**Your task**
In the records below, find the line with "Nouveau lieu d", then retype it and every following line exactly, stopping after the line with "横断歩道を渡るコスモス_e0406450_11465850.jpg". Leave the pictures out.

**Record excerpts**
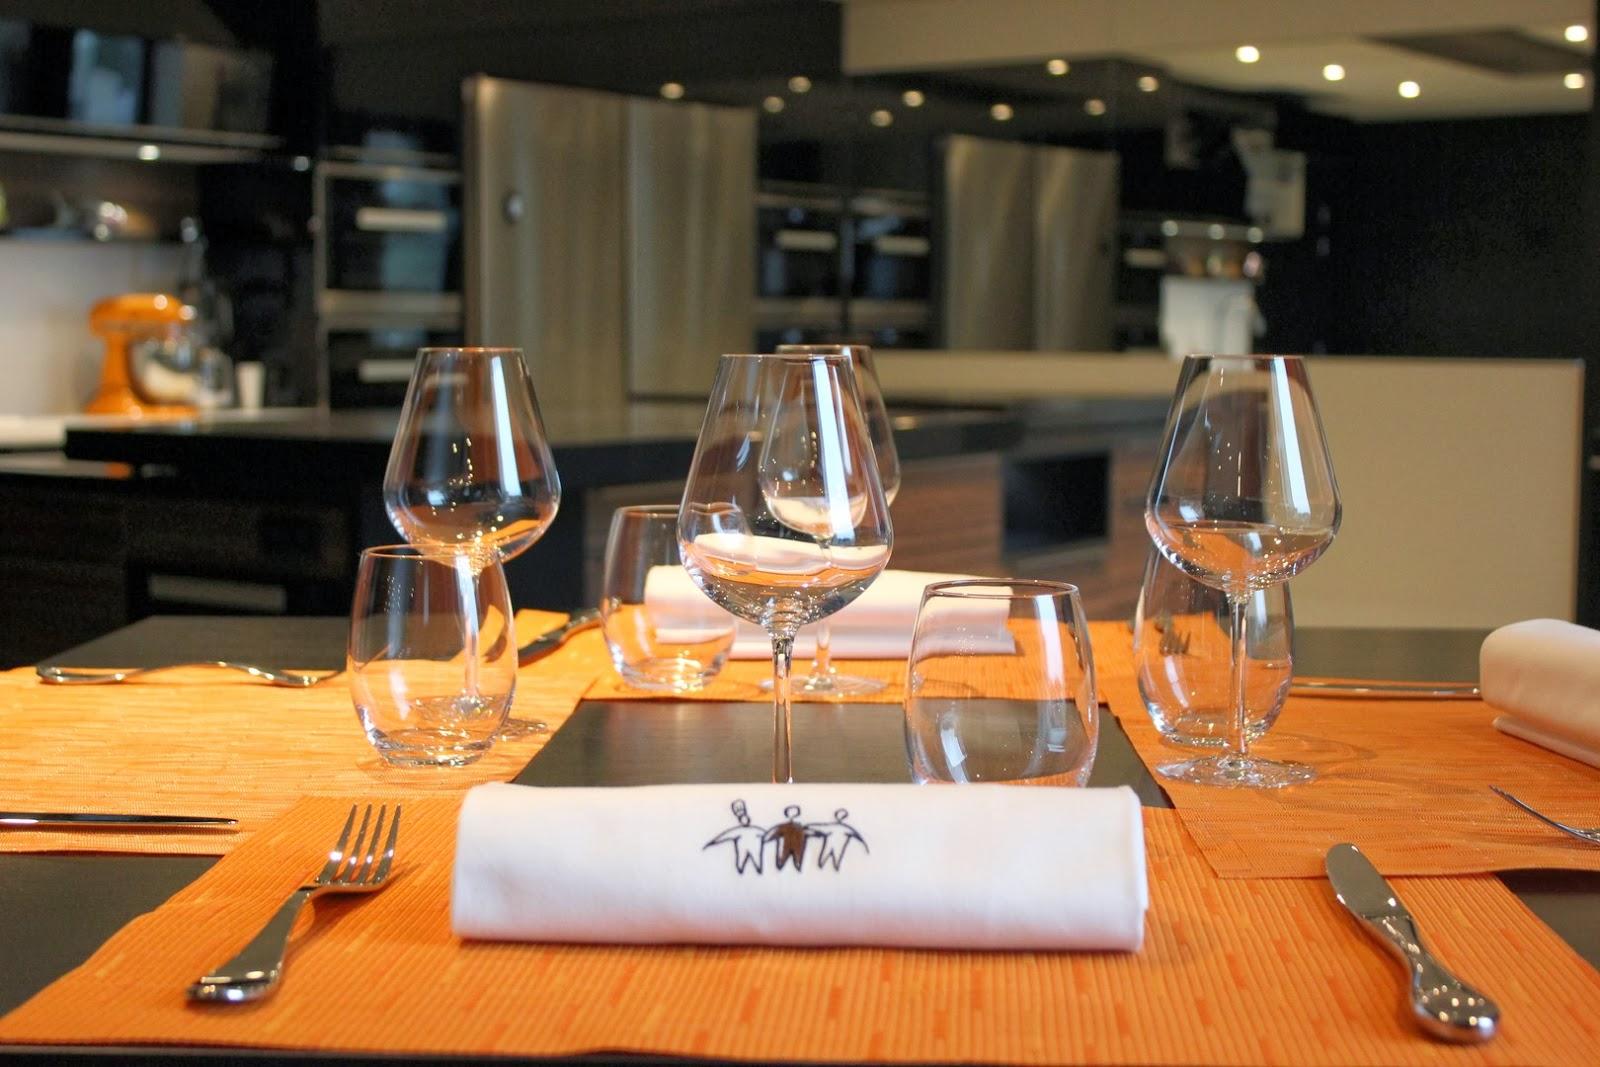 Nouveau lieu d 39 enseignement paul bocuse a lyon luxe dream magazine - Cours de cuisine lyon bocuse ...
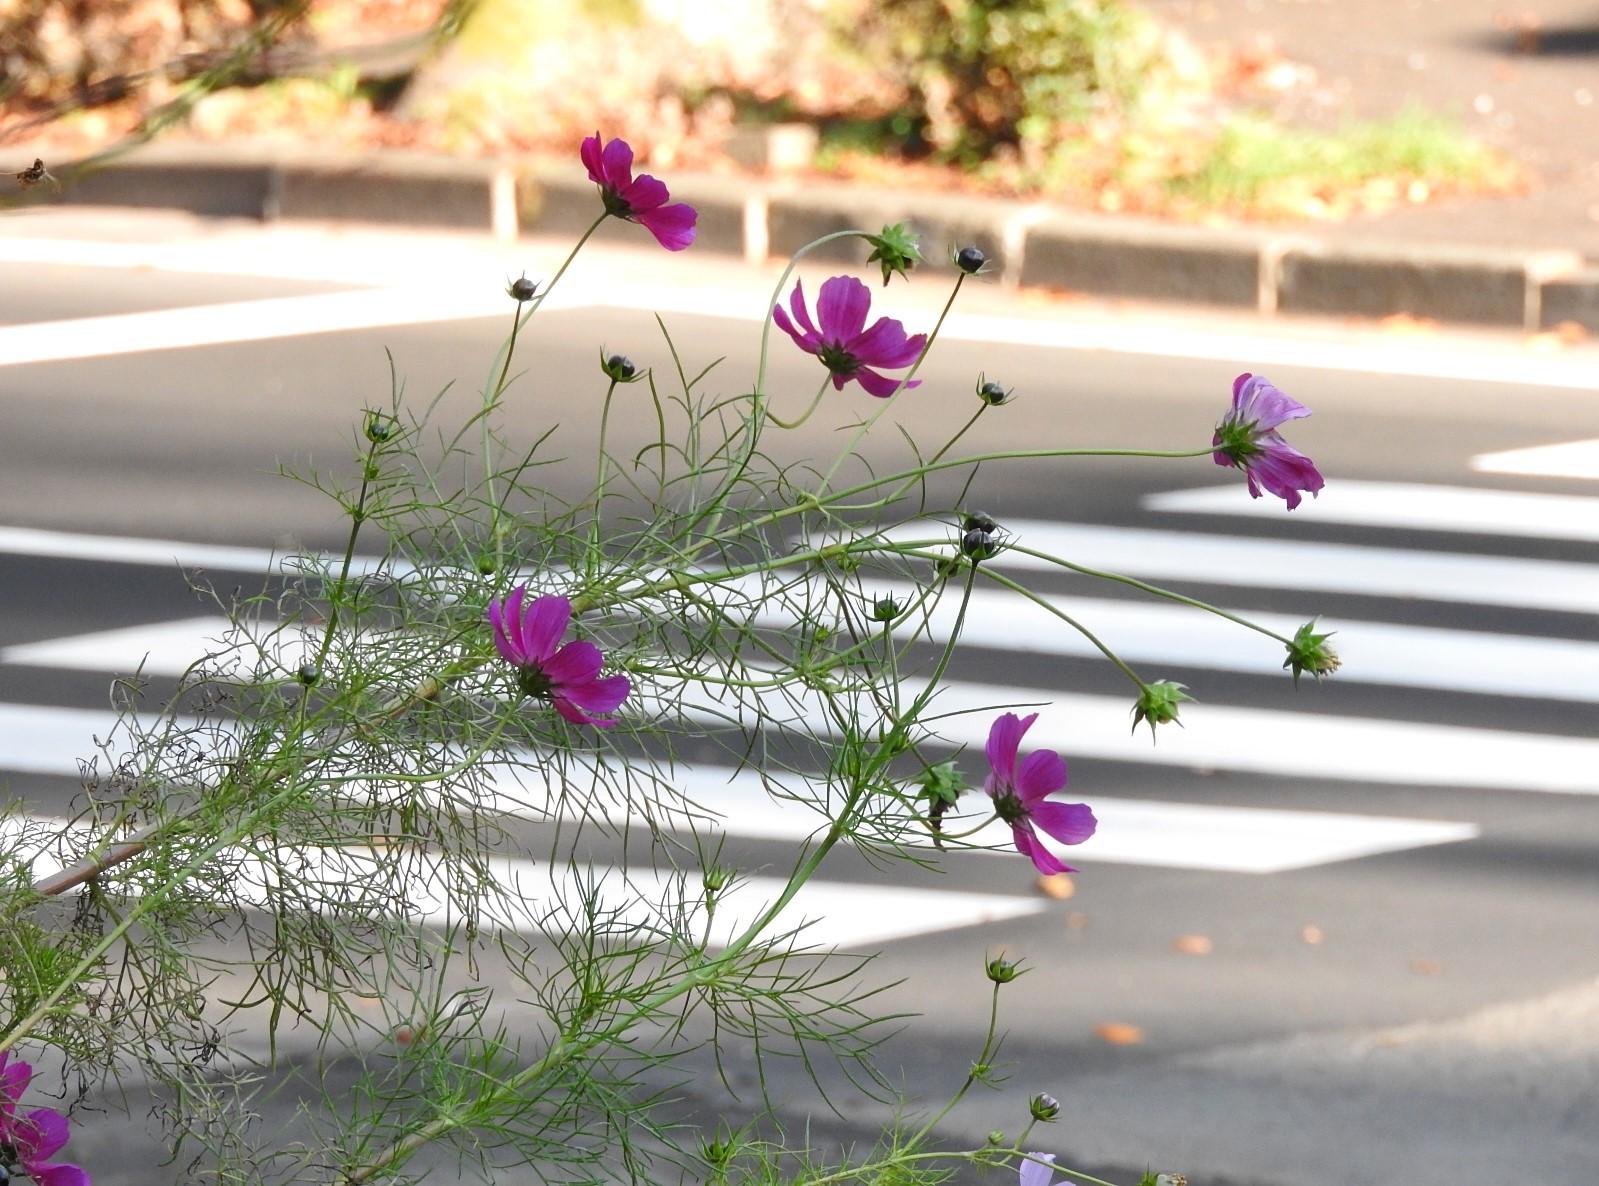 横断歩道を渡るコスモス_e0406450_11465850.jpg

* * *

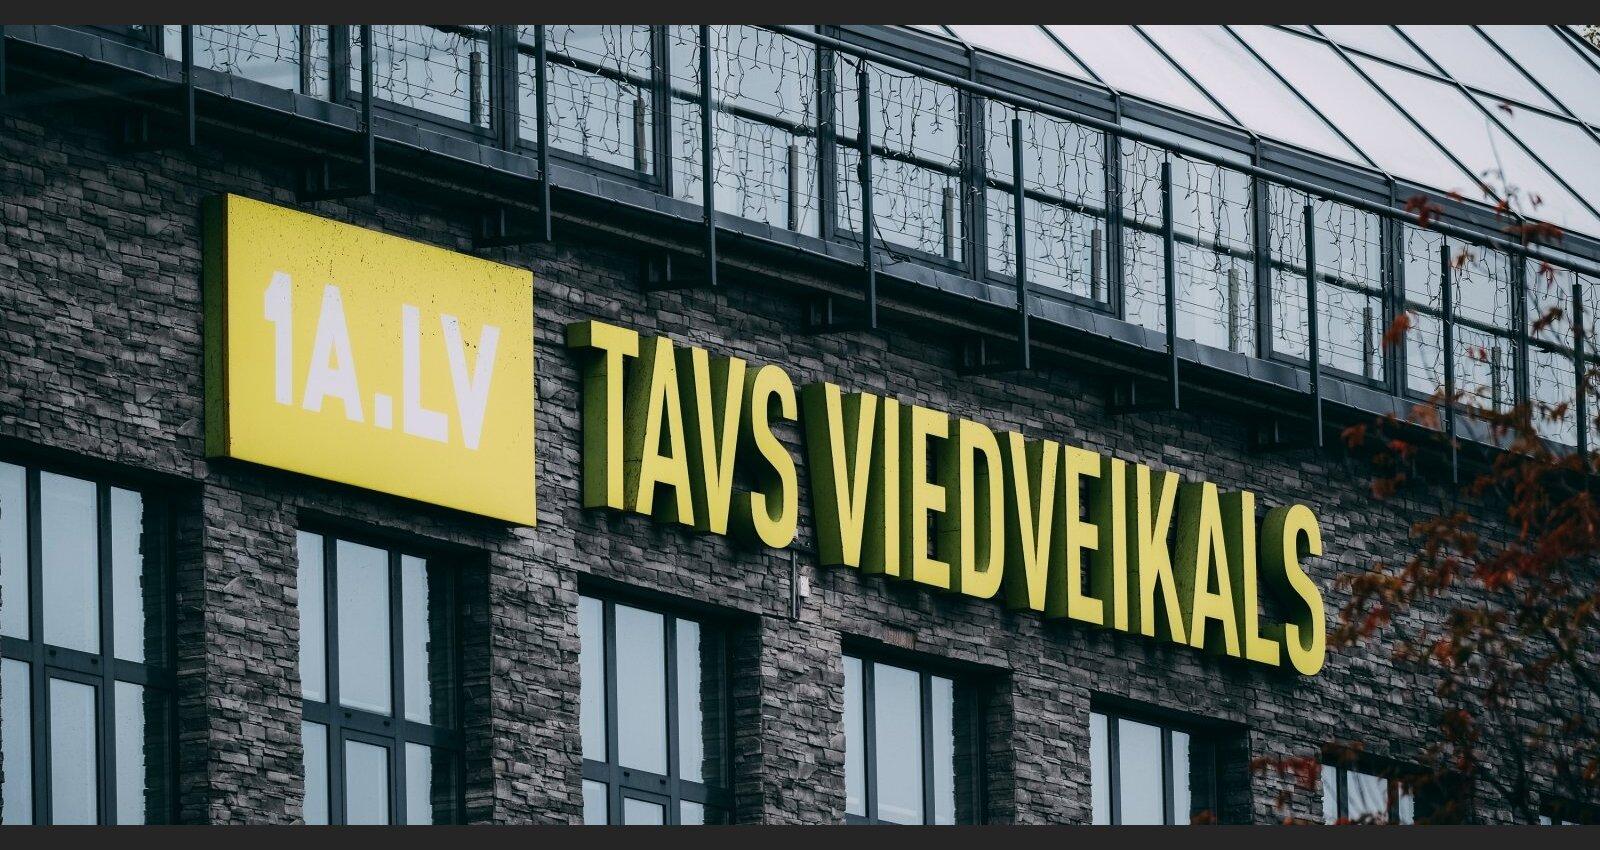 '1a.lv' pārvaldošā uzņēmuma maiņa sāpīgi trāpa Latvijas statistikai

--

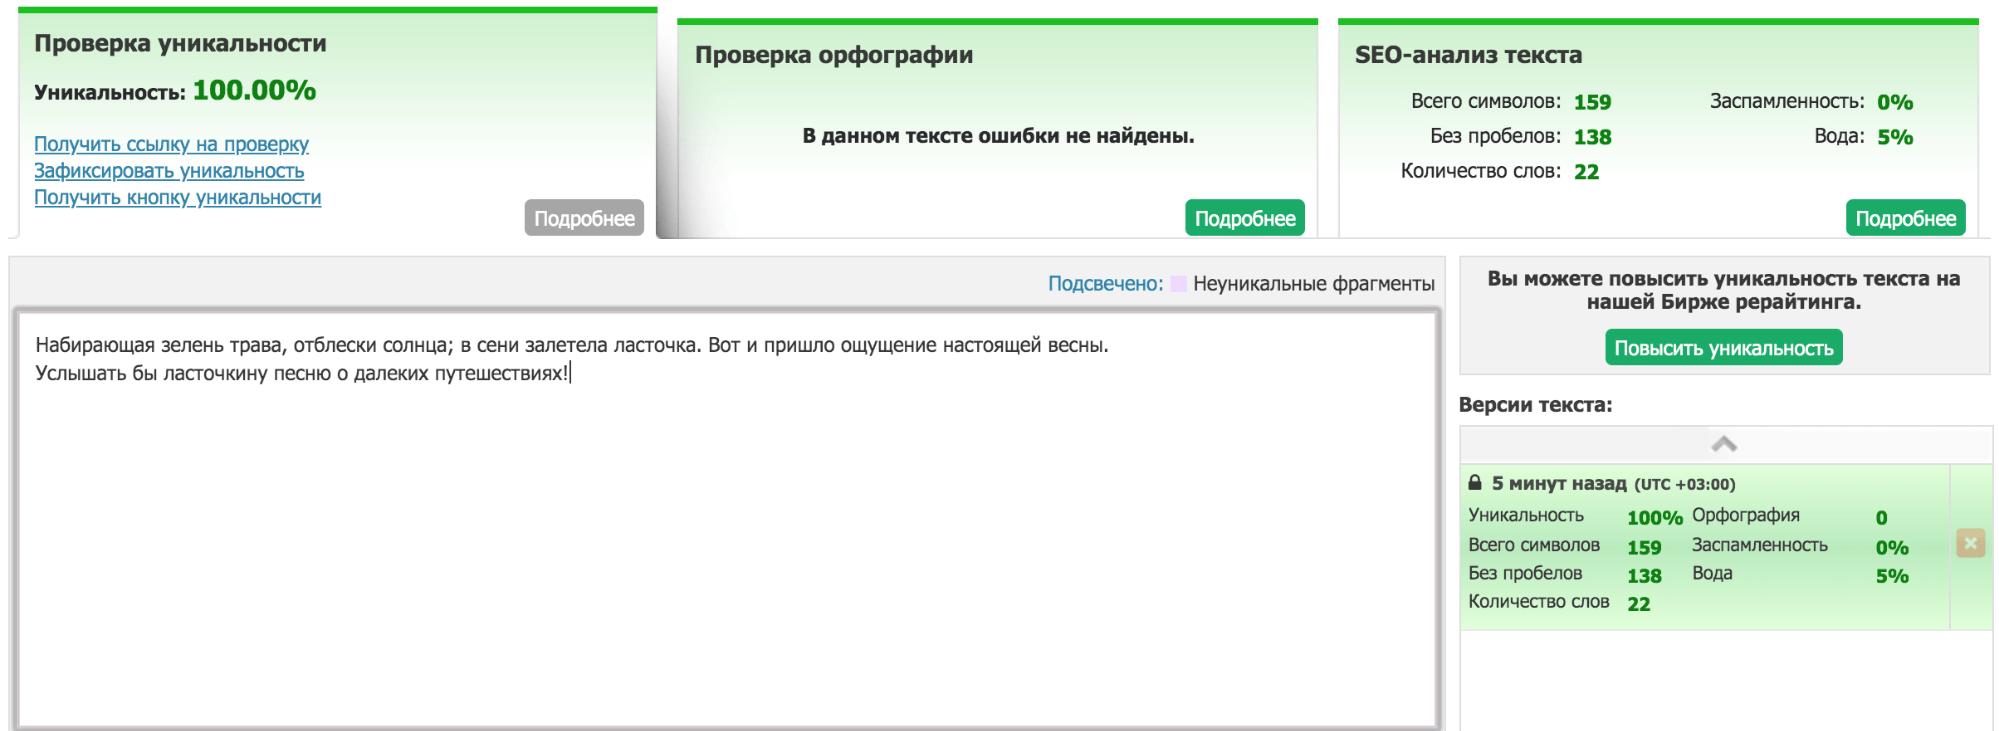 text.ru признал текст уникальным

**Response area**
 Nouveau lieu d 39 enseignement paul bocuse a lyon luxe dream magazine - Cours de cuisine lyon bocuse ...
 横断歩道を渡るコスモス_e0406450_11465850.jpg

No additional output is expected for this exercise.